Since the film is in German, the language effect comes into play. The English subtitles don’t matter as we can see Adolf Hitler the deranged tyrant, living in his world of phantom armies, miracle weapons, and delusions of grandeur, and not Bruno Ganz the actor.

As in the 1973 version, the news of Goering’s ultimatum and Himmler’s peace feelers are the twin shocks that show that even the “most loyal” are ultimately pragmatists when it comes to saving their own skin. Junge is one of the few who broke out of the Bunker and lived to tell the tale. Years later, she said, “though he was a perfect and good boss, I never knew about the crimes that he had committed and have guilty feelings”. She is shown making this statement at the film’s end. 

 

The uniforms, the equipment, and the surroundings of devastated Berlin are absolutely accurate, and there is no composite or fictional character. You know in your heart that “this is how it happened”. 

 

Here’s a clip from the film that has been endlessly parodied

 

https://www.youtube.com/watch?v=xBWmkwaTQ0k

 

The film is available on Amazon Prime US but unfortunately not on Amazon India.

 

Der Untergang should easily make it to ANY top 10 war film list. The film is gripping, absorbing, and historically accurate – a rare combination. 

 

Rating: 5 out of 5

 

6 Comments

  1. Renu Kuppuswami on December 17, 2022 at 9:11 pm

    Nice comprehensive review of three related movies! Definitely want to catch Der Untergang!
    Thank you, Ramesh!

    • Jayu on December 17, 2022 at 11:19 pm

      Yes Ramesh very nicely you have related about each film . Your subject and character knowledge is something extraordinary. Going to watch these movies .
      Keep writing ✍️

  2. Ashim on December 18, 2022 at 1:21 am

    Kv
    The marriage did it….didn’t it?🤓

    Keep writing more…very insightful reviews.👍

  3. Ashok on December 18, 2022 at 2:41 am

    Downfall is engaging, no doubt about it. In fact poisoning scene, Hitler’s interaction with his general, with an angry display of his character, and finally the walking out of meeting helplessly with a comment “Do what you want” is very emotional.
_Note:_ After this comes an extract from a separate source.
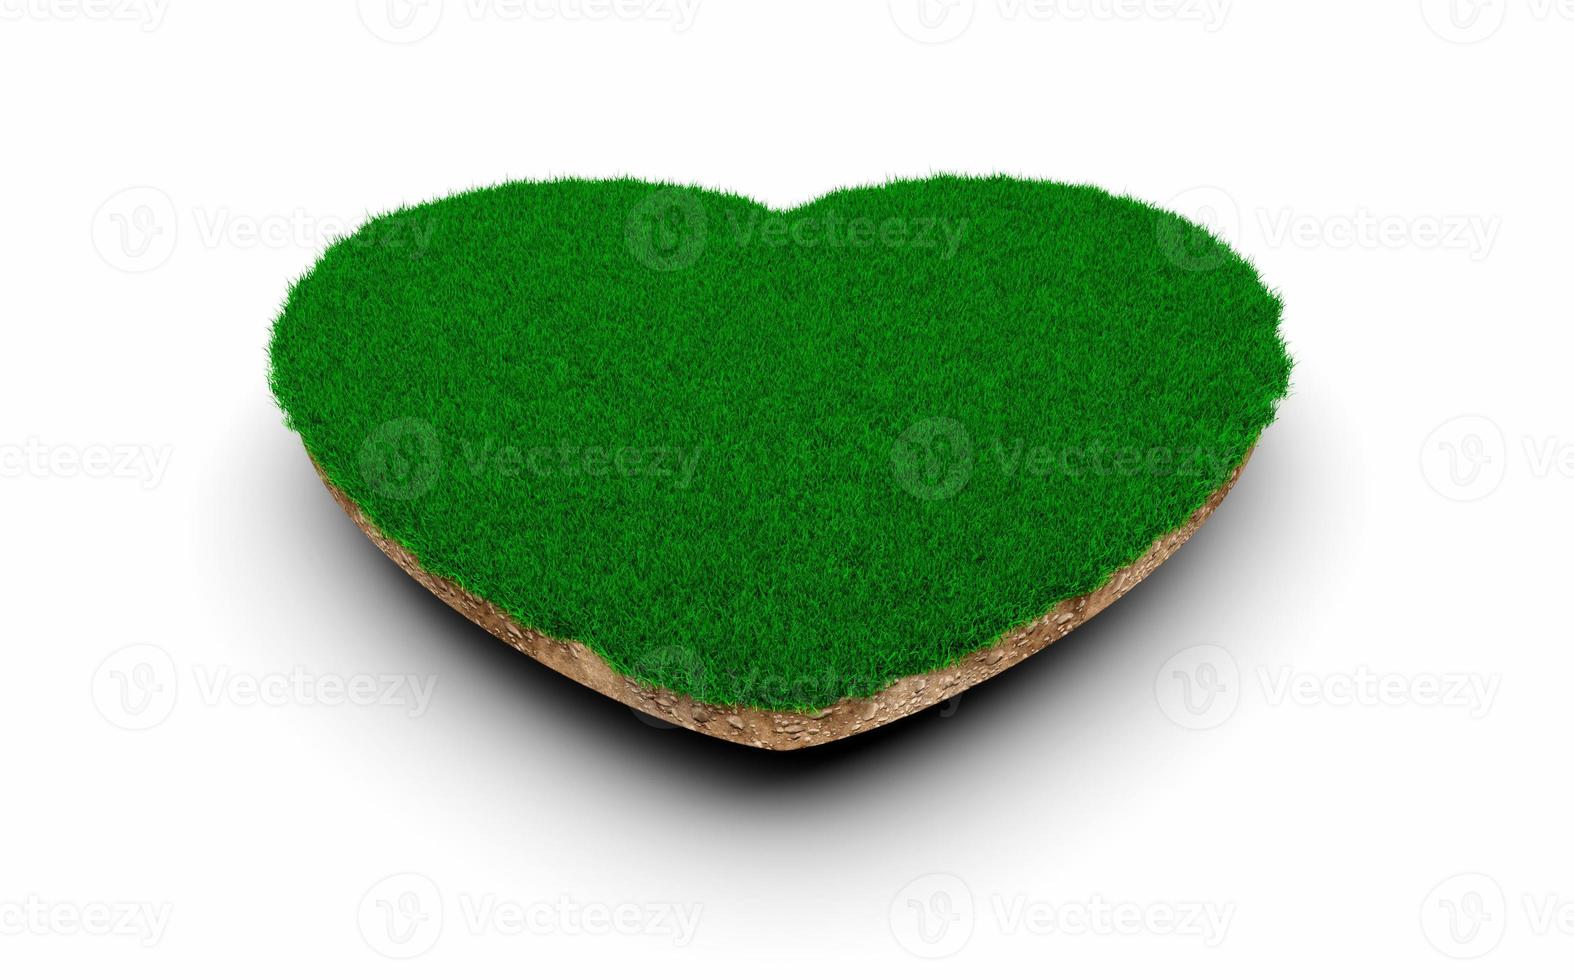 coupe transversale de la géologie du sol en forme de coeur avec de l'herbe verte, de la boue de la terre coupée illustration 3d isolée photo
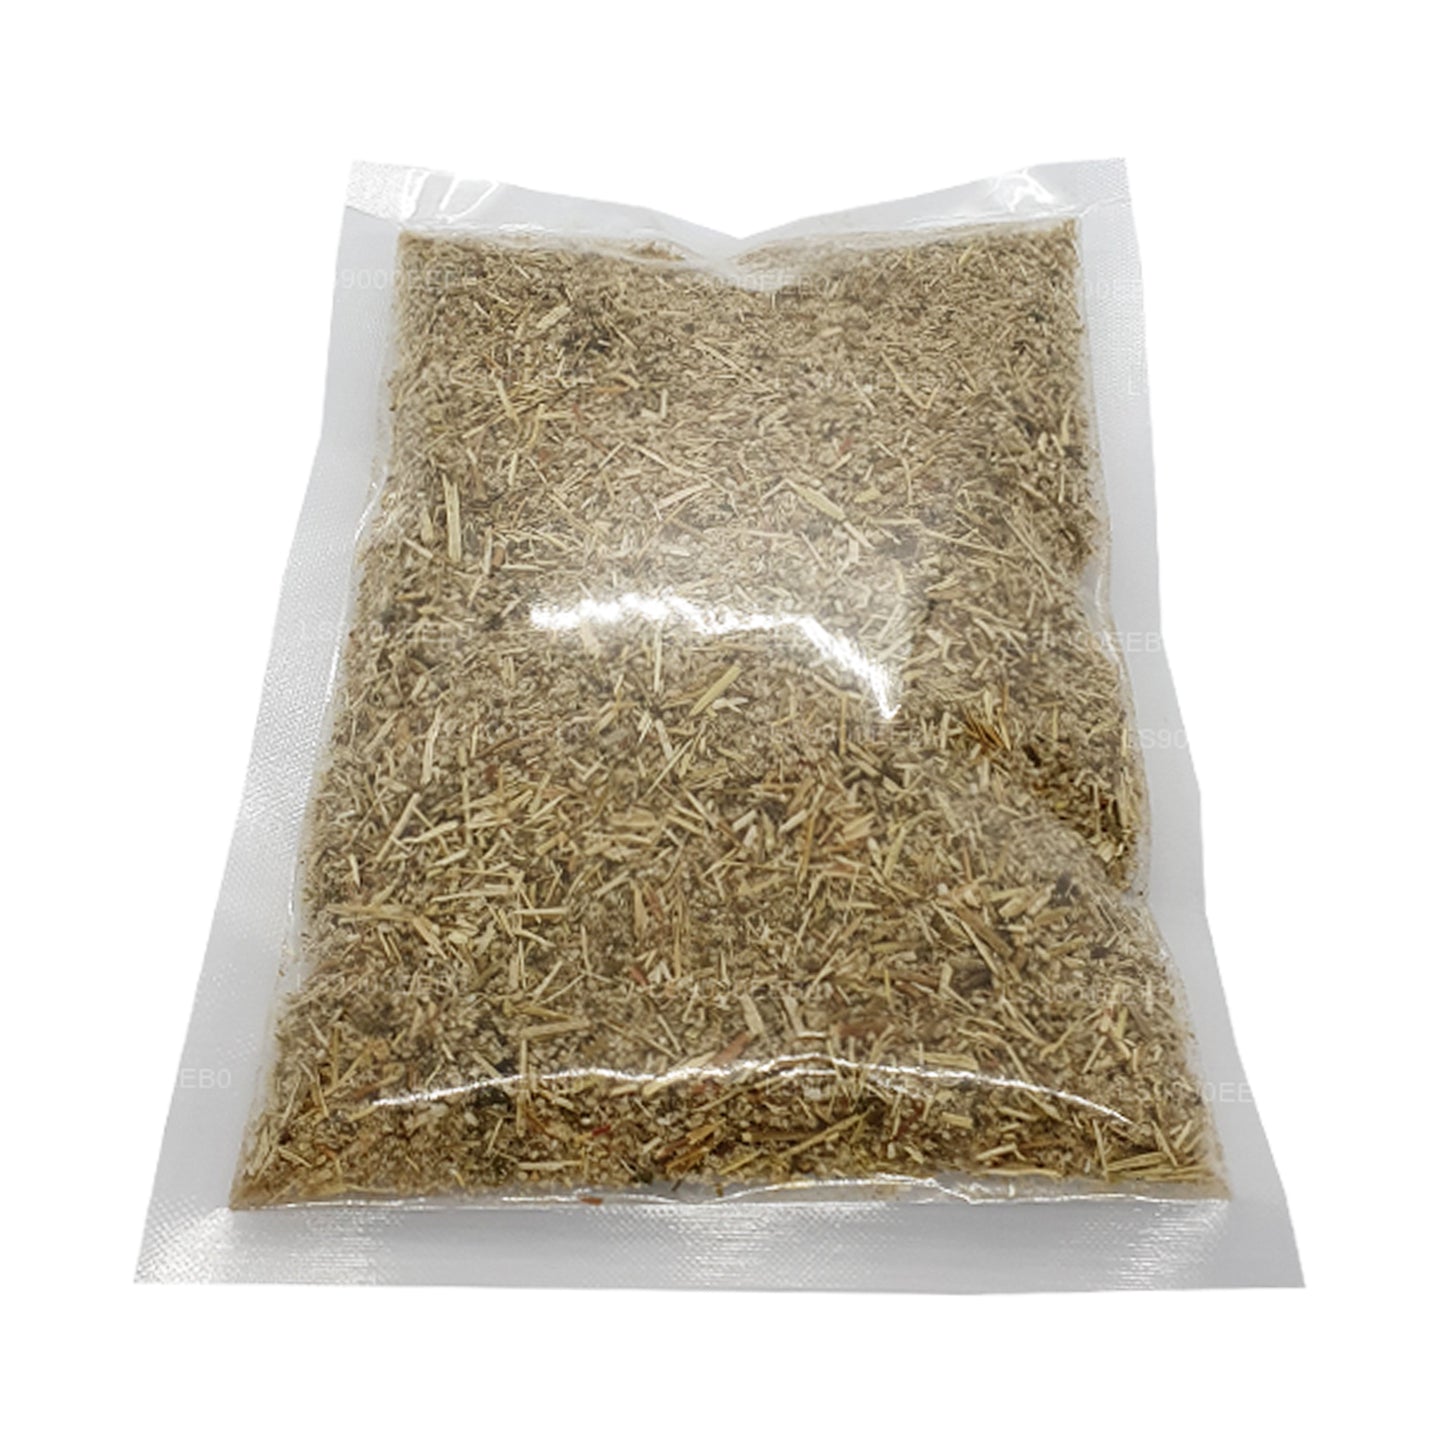 Paquete de polpala deshidratada Lakpura (Aerva Lanata) (100 g)

    Your knowledge is exceptional on WW-I/II. I suggest you start a column on true war stories on your portal.
    I will be the reader for sure.

    • Devang Lakhia on December 18, 2022 at 5:44 am

      As always Very interesting and insightful.
      Downfall will remain on the top.
      Combination of great direction and screen writing.
      Keep introducing and writing about such classics .
      eagerly looking forward to read your next blog.
      Thank you

  4. Anand on December 18, 2022 at 4:34 am

    Wah! Makes me see all the movies even though I am not much of a war movie buff. Well done.